Prior to the merger creating Ballad Health, patients with incomes up to 200% of the federal poverty level could qualify for charity care. After the merger was closed, the charity threshold was raised to 225% of poverty level, providing thousands more qualifying individuals access to free care. For those with incomes just above 225% of poverty level and up to 450%, a generous sliding scale discount is applied. One of the most generous charity programs in the country, these partial and total discounts based on income apply not only to individuals without insurance, but also to the out-of-pocket expenses for those with insurance.

For example, a qualifying family of four with a total family income of $57,938 or below could now be eligible to receive care at no cost to them, even if they are insured and have deductibles or copays. Ballad Health will absorb these out-of-pocket costs.

“Our patients have told us they worry about unexpected or unaffordable healthcare bills, and we’re listening to them to address their concerns,” said Eric Deaton, Ballad Health’s chief operating officer. “The steps we are taking are intended to be helpful to people who have been hard-hit by insurance company policies designed to shift unconscionable levels of cost onto patients. While the hospitals are absorbing this cost, the cost is nevertheless still there.”

“The struggle of individuals to meet payments with high-deductible health plans is a significant challenge throughout the nation,” said Lynn Krutak, Ballad Health’s chief financial officer. “There’s a misconception that just because someone has health insurance, they can afford their bills, but that’s not always the case.”

As part of this process, Ballad Health has updated its chargemasters to align them between its legacy health systems. The chargemaster for the system is posted at www.balladhealth.org and consists of tens of thousands of codes and charges. Every hospital nationwide is required by law to post its chargemaster publicly.

Changes to the Ballad Health chargemaster have been reviewed by the state COPA monitor and have been determined to be in compliance with the provisions of the COPA intended to limit the prices Ballad Health may charge.

In the recent meeting of the Southwest Virginia Health Authority, the independent monitor employed by the Authority reported that hospital chargemasters are “not terribly meaningful,” because the chargemaster is an accounting tool intended to capture all of the costs experienced in the health system; yet, almost no patient, employer or insurance company pays what is in the chargemaster. For the 70% of Ballad Health patients who are either uninsured or covered by government programs, the reimbursement to the hospitals is generally below the actual cost of providing the care. Ballad Health joins many rural health systems with private insurance coverage representing only about 25% of all patient volume.

“The changes announced by Ballad Health today to expand discounts and access to charity care are not required by the COPA, nor have they been imposed by either state,” Levine said. “These changes are a result of Ballad Health’s board of directors and leadership listening to the concerns of our patients, recognizing the hardship that has been imposed by insurers shifting higher costs to patients through unaffordable premiums and deductibles, and they are intended to be responsive to those concerns.

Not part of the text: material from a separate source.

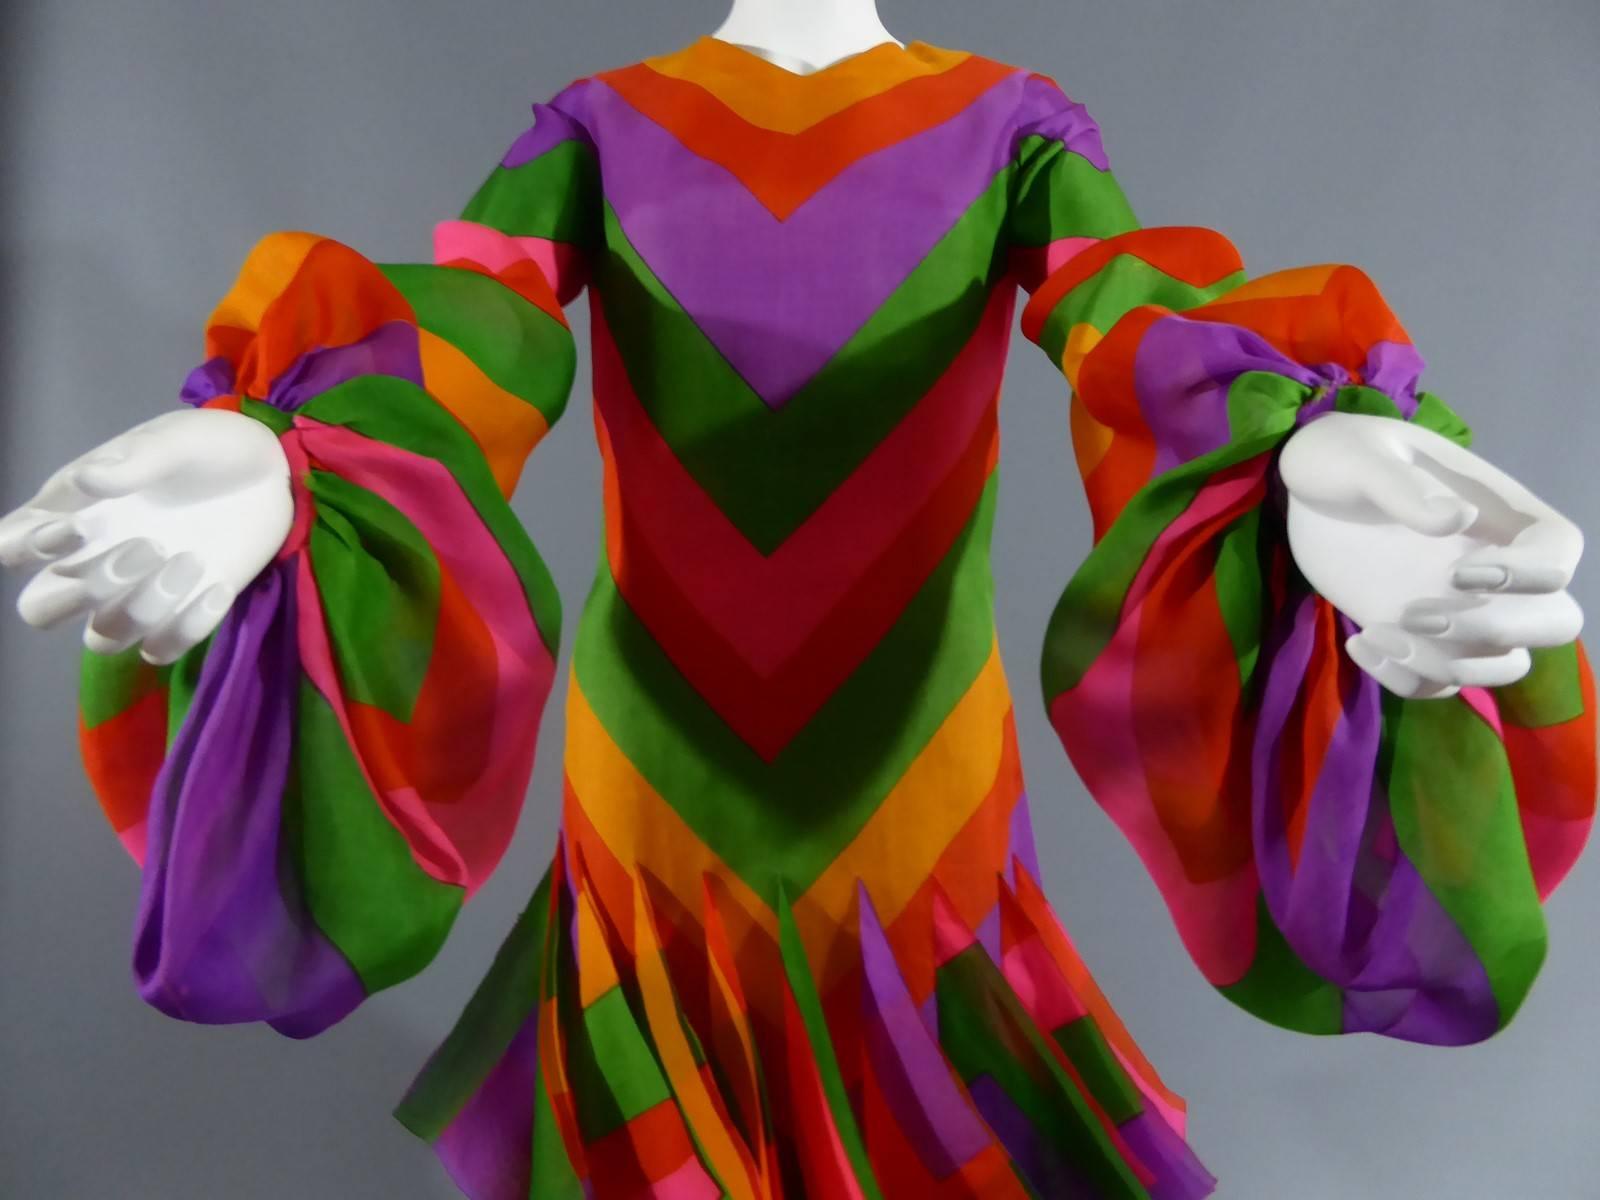 Brown Pierre Cardin Haute Couture Evening Dress, circa 1970

“When people buy insurance, they deserve peace of mind knowing they can access the coverage when they need it. It is terribly unfair to families who find out, at their most vulnerable time, that they cannot access the coverage they thought they had,” Levine continued. “Hospital charity programs cannot be expected to solve this problem alone. Working with health care providers, insurance companies and federal policymakers have to come up with a more sustainable solution. A rural health system with only 25% commercial payer mix cannot survive if the expectation is that insurance, pharmaceutical and other medical companies can shift cost to patients, and then hospitals are forced to pay for these costs by writing off necessary care that patients can’t be expected to afford.”